Copy each line containing the word "Supernatants" from the records that follow, please.

Records for the exercise >>
____

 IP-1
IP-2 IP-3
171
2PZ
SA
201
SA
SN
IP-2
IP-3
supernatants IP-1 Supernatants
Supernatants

____

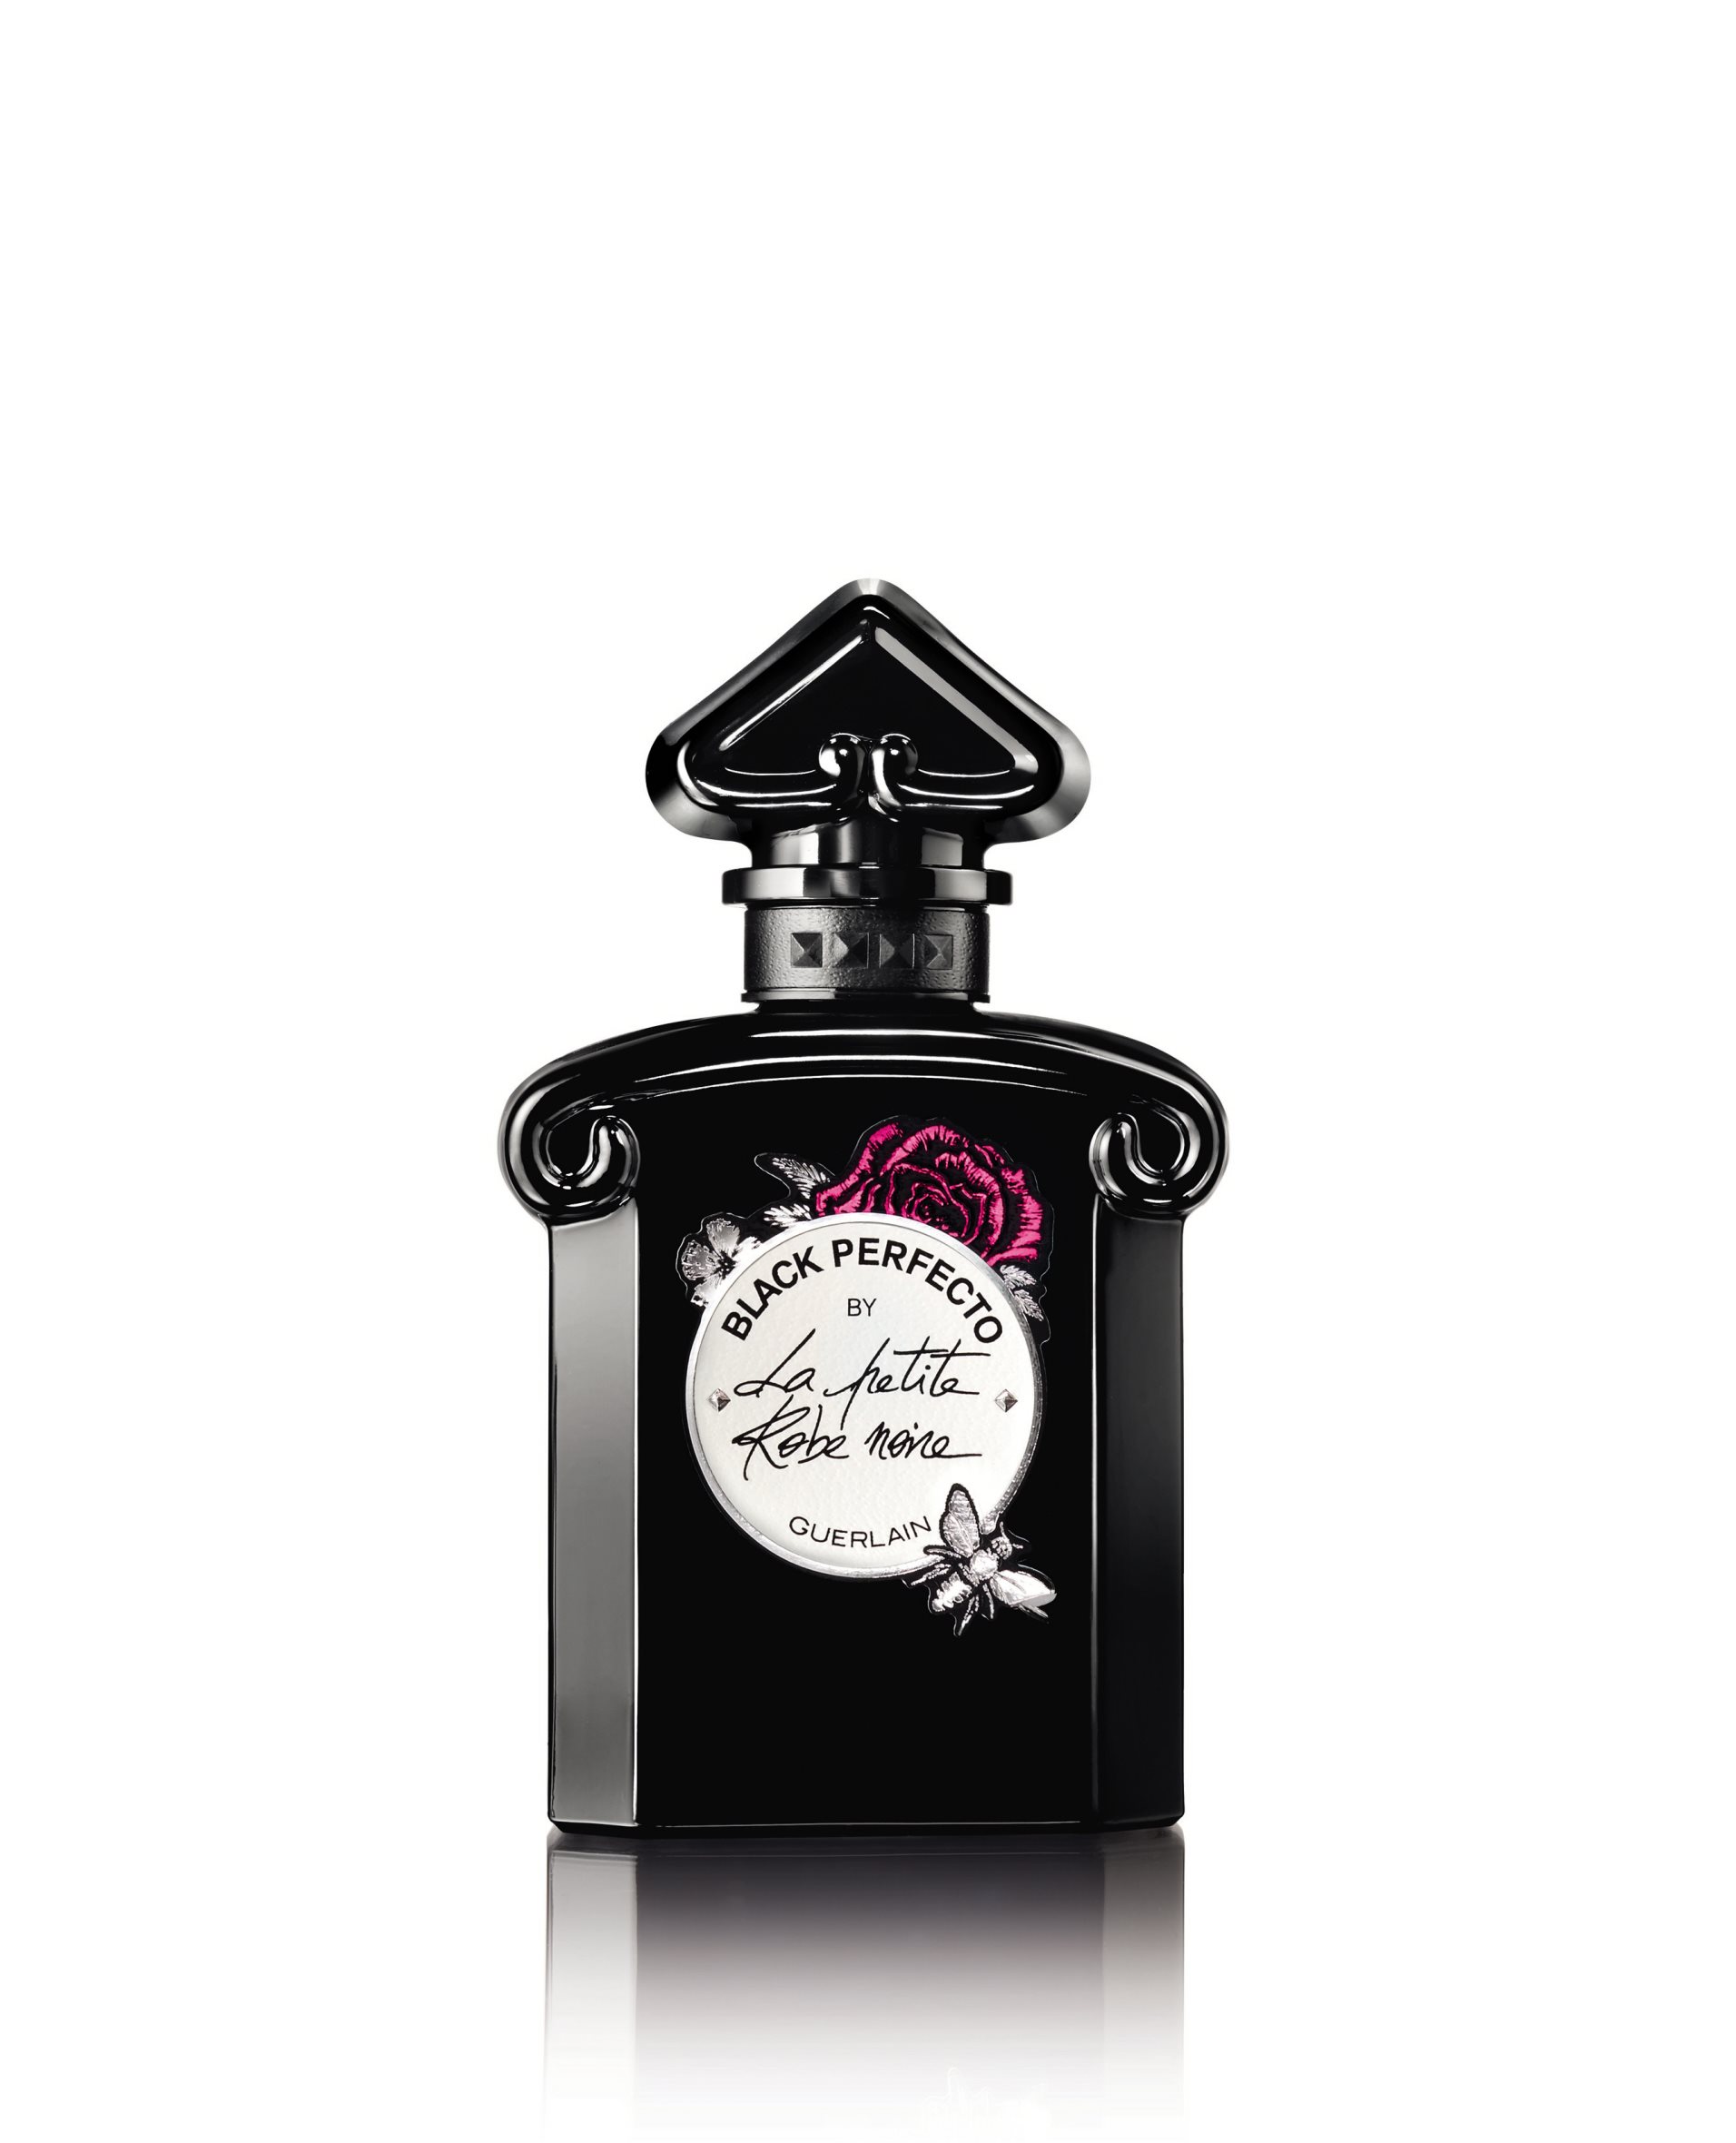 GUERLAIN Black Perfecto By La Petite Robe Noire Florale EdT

____

Answer for this exercise >>
supernatants IP-1 Supernatants
Supernatants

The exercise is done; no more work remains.